THE TASK: Go through the following data and transcribe exactly the stretch of lines from the one holding "La Caricature 1885" to the one holding "Refugiados venezuelanos Carina", both included.

MATERIAL FOR THIS EXERCISE:
────────────────────────────────────────

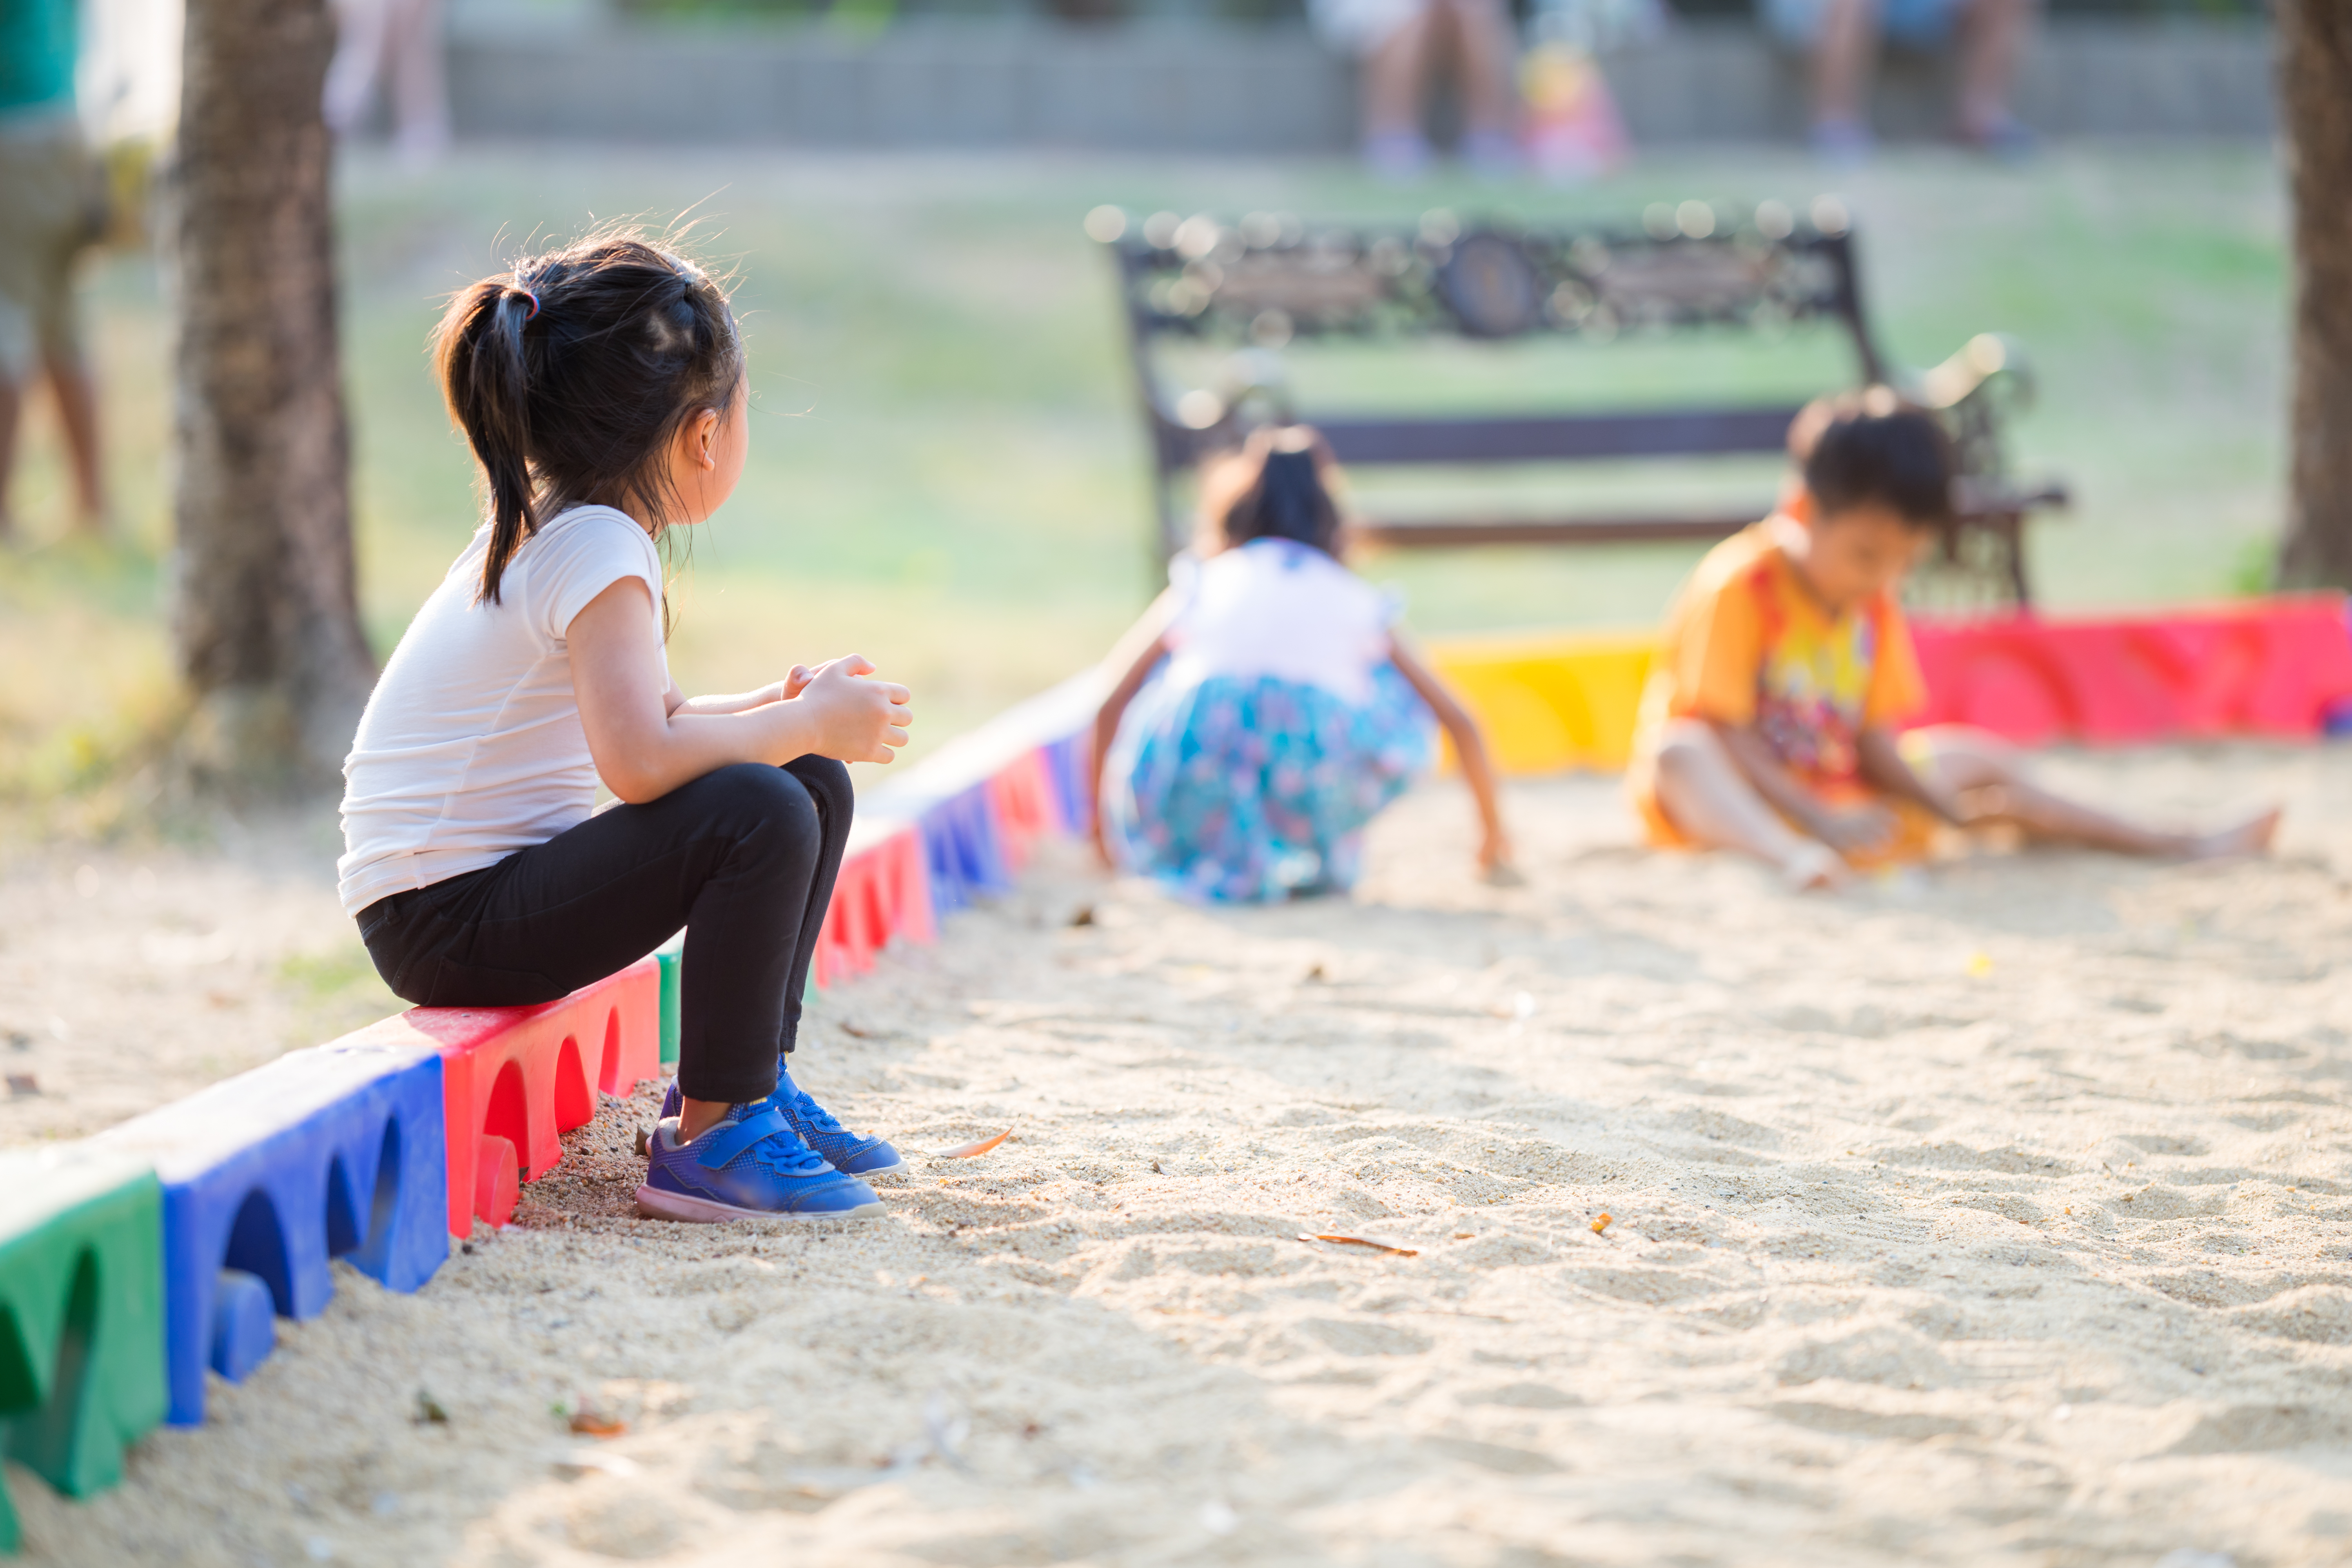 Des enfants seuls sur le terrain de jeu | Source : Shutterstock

────────────────────────────────────────

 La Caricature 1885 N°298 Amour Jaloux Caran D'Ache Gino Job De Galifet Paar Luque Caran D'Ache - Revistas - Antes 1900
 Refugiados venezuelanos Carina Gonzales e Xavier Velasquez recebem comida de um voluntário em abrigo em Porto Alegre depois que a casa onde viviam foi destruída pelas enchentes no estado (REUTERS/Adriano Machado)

────────────────────────────────────────

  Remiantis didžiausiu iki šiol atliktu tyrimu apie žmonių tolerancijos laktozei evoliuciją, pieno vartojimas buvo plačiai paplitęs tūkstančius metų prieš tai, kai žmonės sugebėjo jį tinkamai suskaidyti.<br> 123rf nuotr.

────────────────────────────────────────

TASK RESPONSE:
 La Caricature 1885 N°298 Amour Jaloux Caran D'Ache Gino Job De Galifet Paar Luque Caran D'Ache - Revistas - Antes 1900
 Refugiados venezuelanos Carina Gonzales e Xavier Velasquez recebem comida de um voluntário em abrigo em Porto Alegre depois que a casa onde viviam foi destruída pelas enchentes no estado (REUTERS/Adriano Machado)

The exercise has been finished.